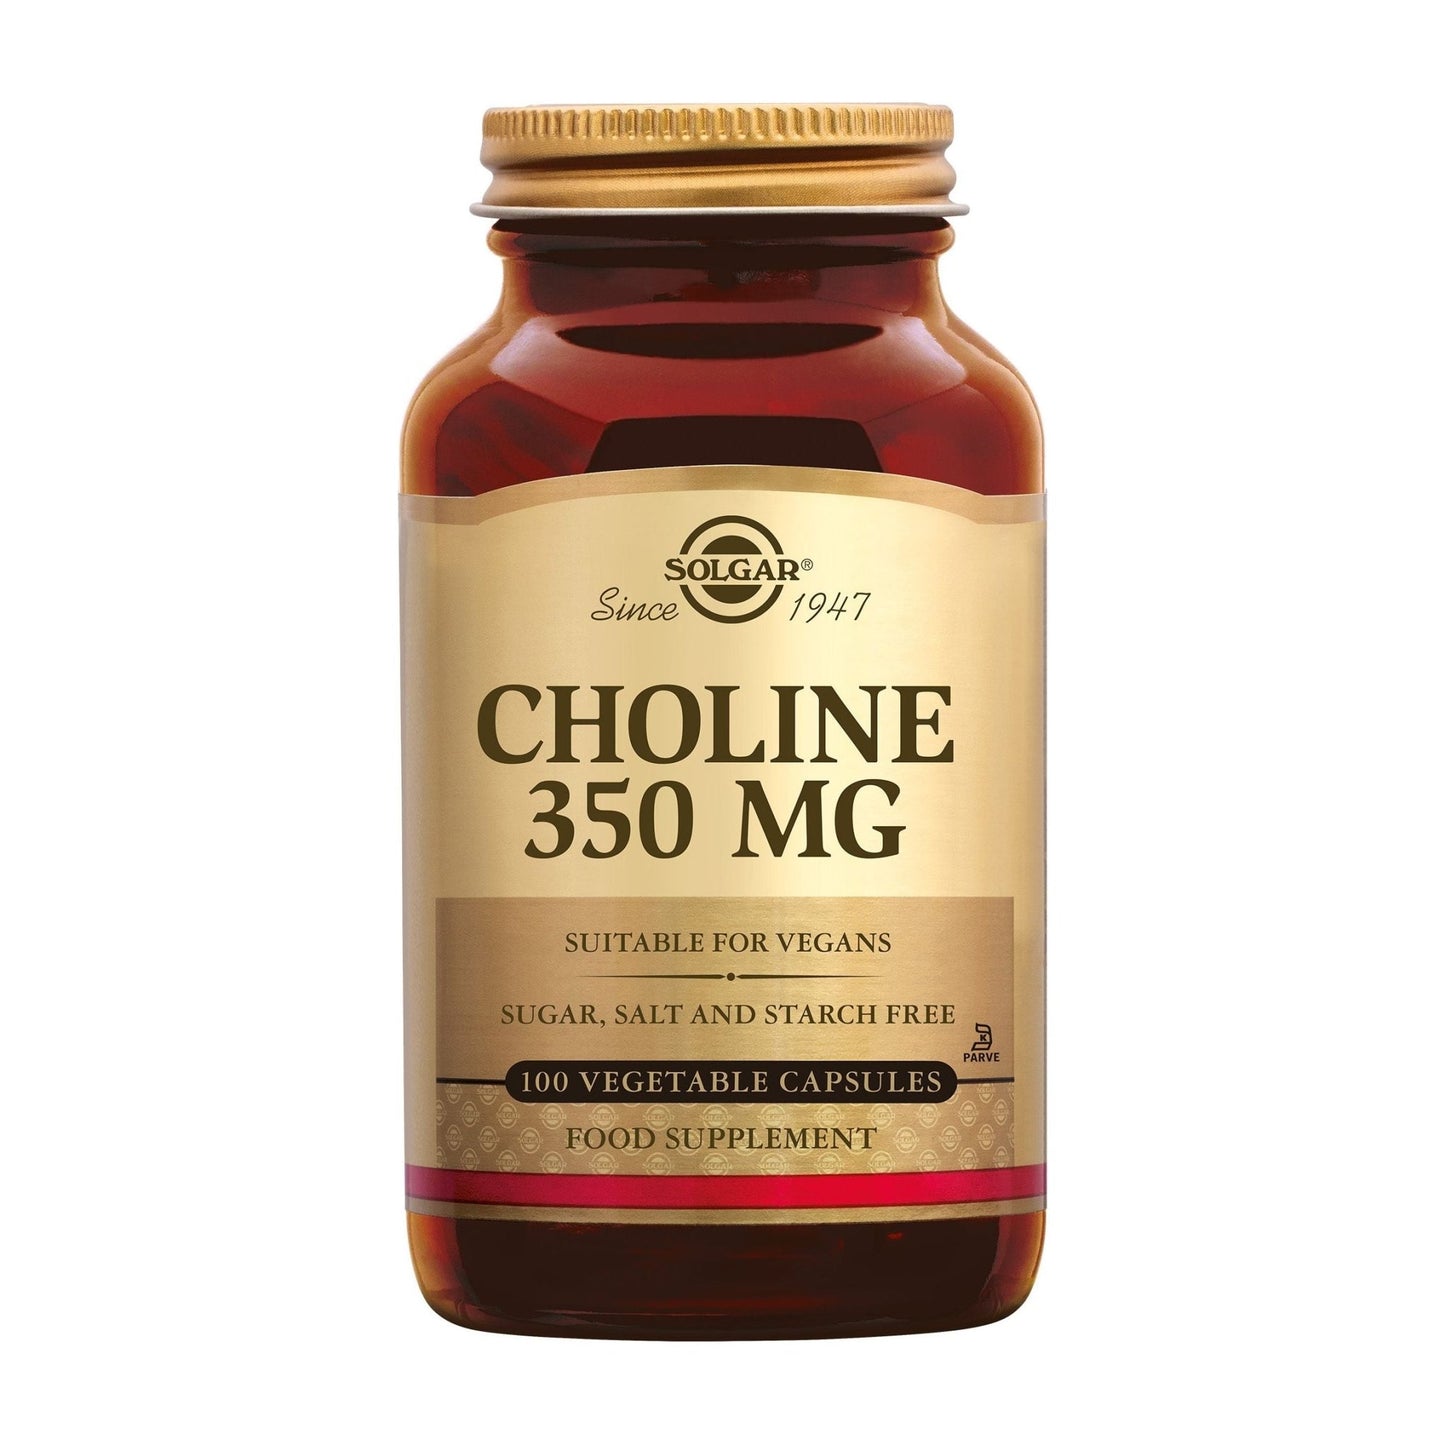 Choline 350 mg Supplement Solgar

══════════

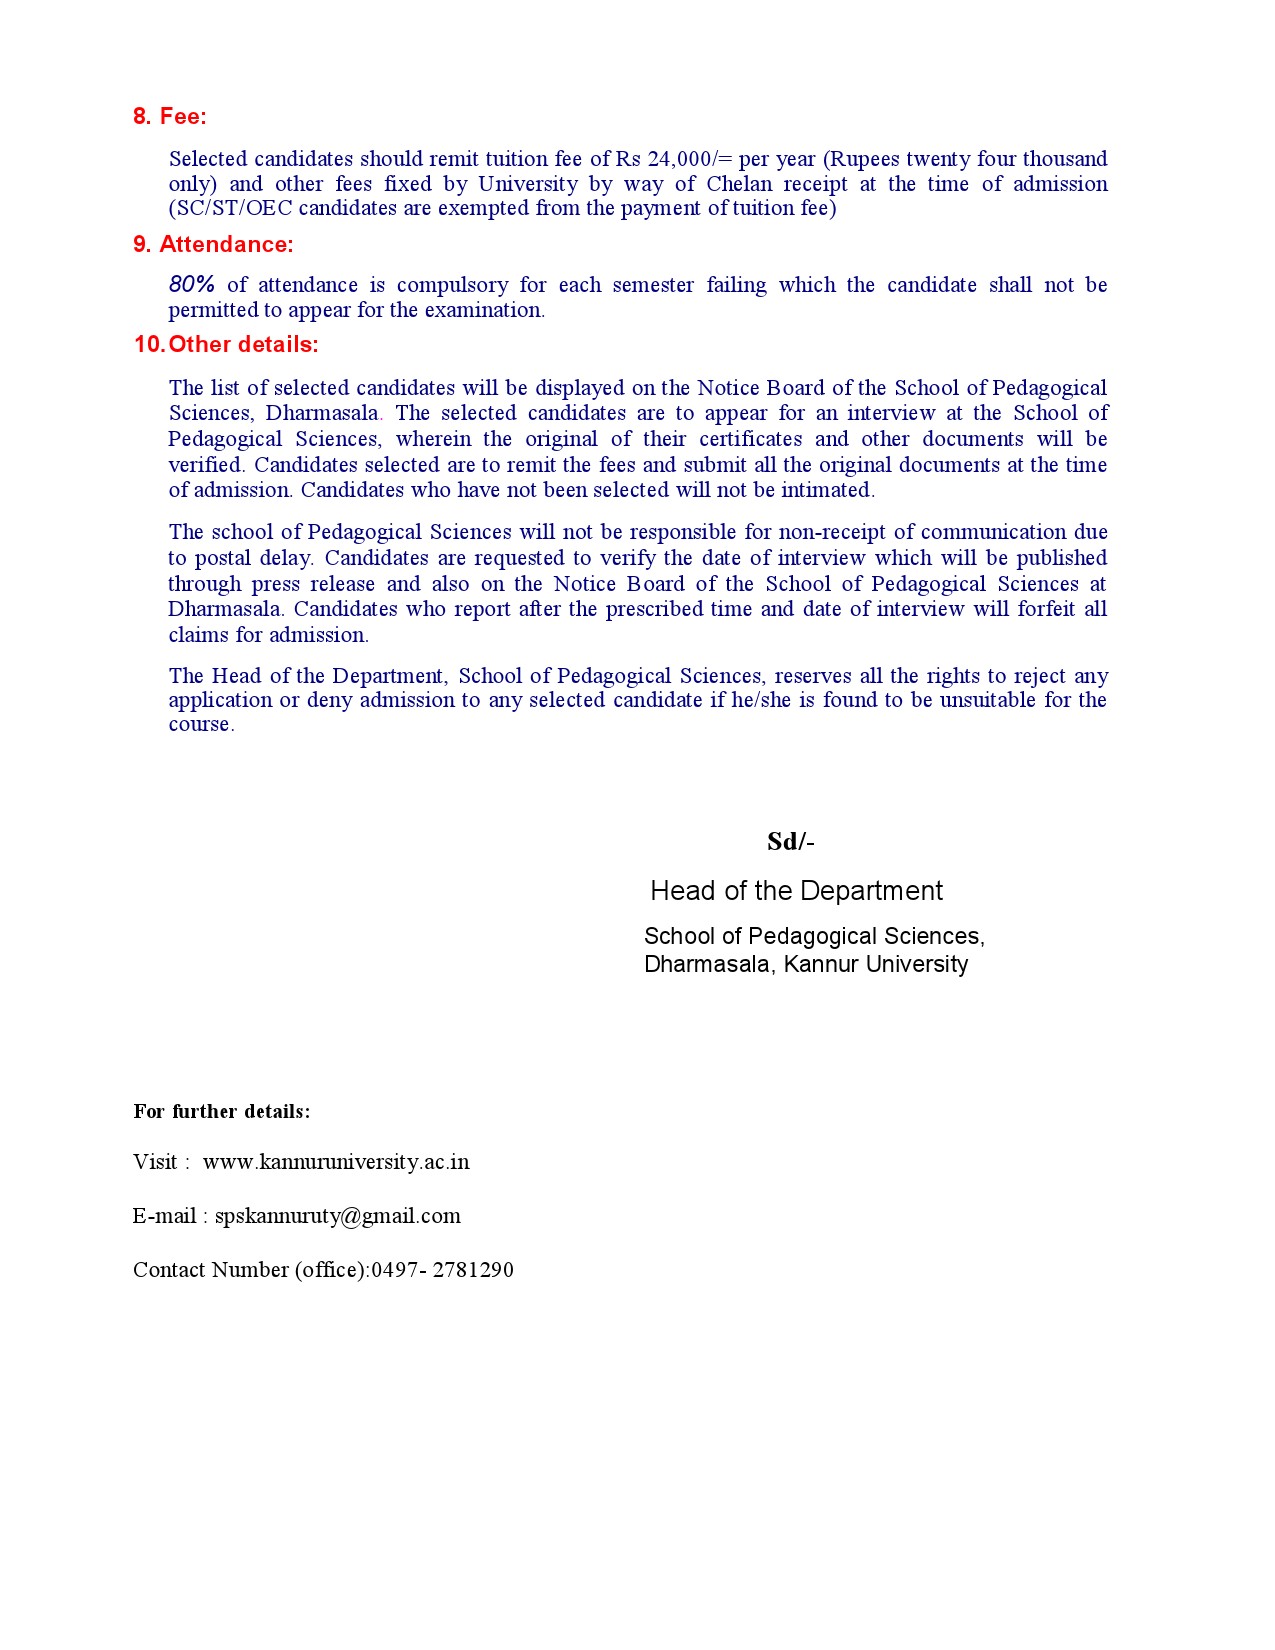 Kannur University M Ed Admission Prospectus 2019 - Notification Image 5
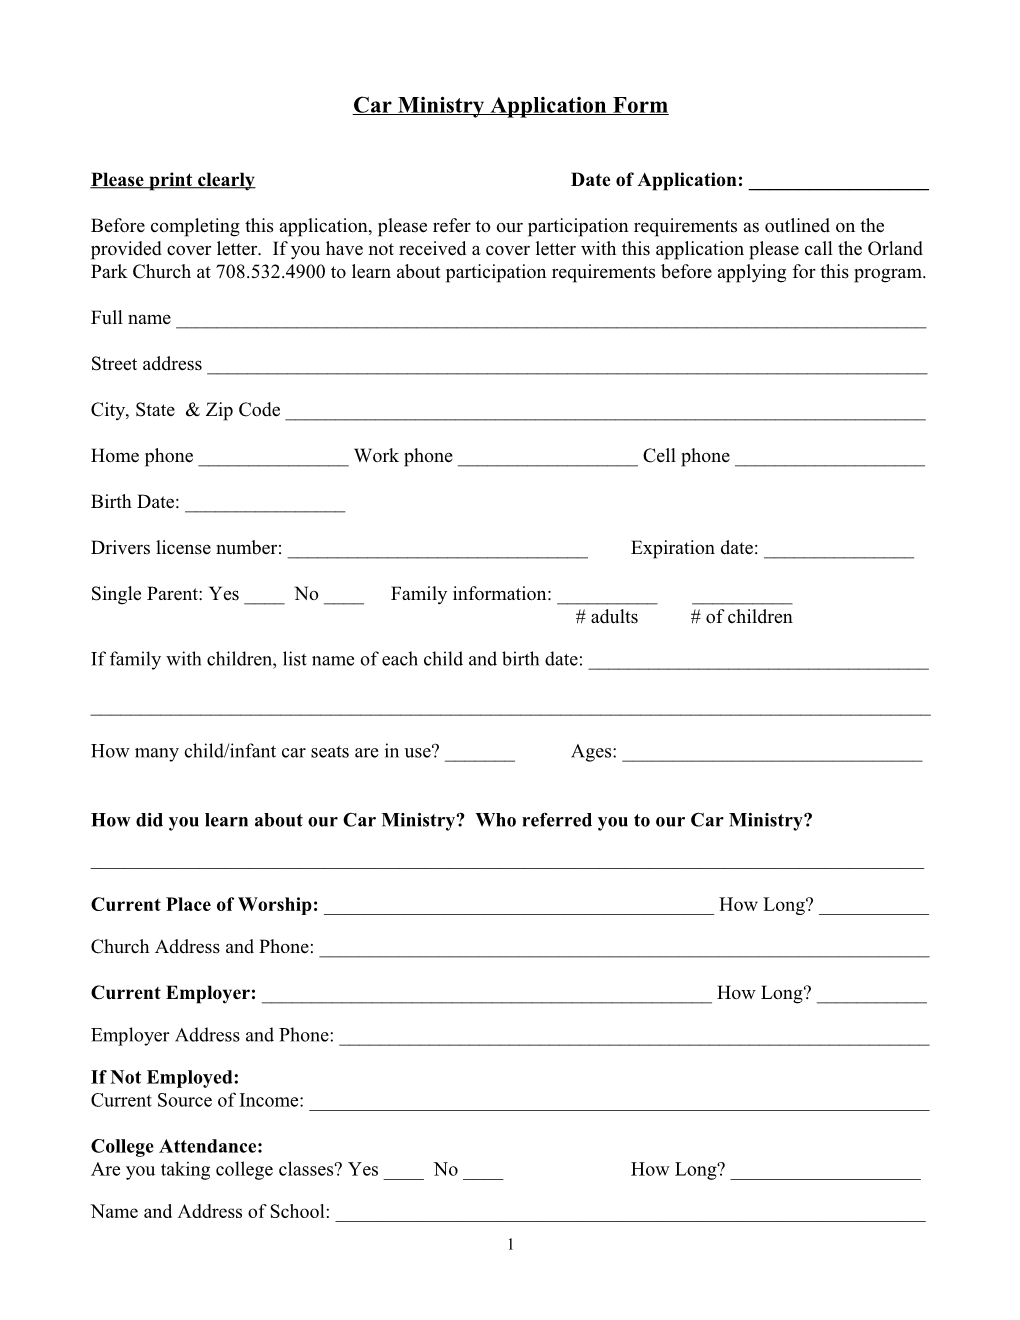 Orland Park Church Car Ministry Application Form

══════════

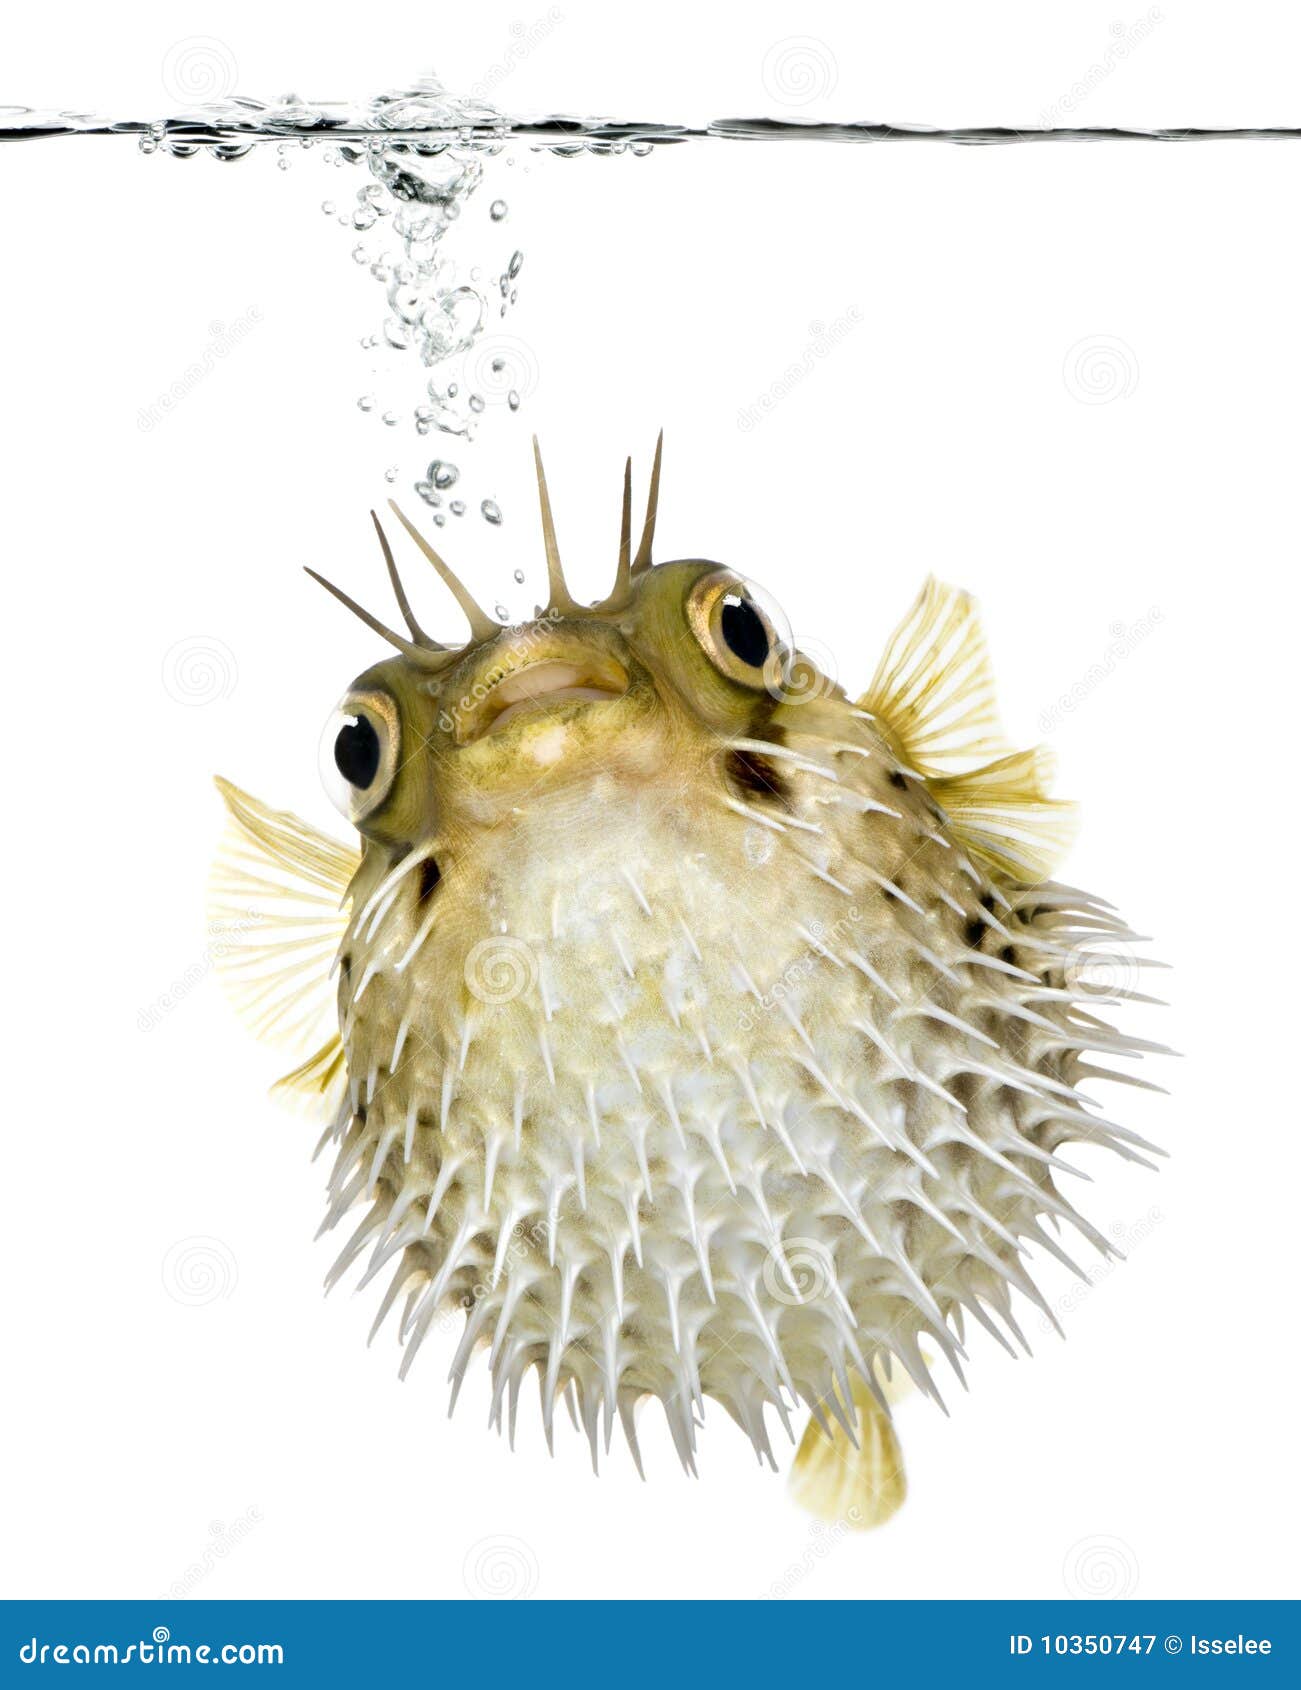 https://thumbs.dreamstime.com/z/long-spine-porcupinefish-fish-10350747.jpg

══════════

- **Your goal**
Only one stretch of the entries above is needed: the lines from the one containing "Kannur University M" through the one containing "Orland Park Church". Copy it exactly, without the pictures.

- **Reply**
 Kannur University M Ed Admission Prospectus 2019 - Notification Image 5
 Orland Park Church Car Ministry Application Form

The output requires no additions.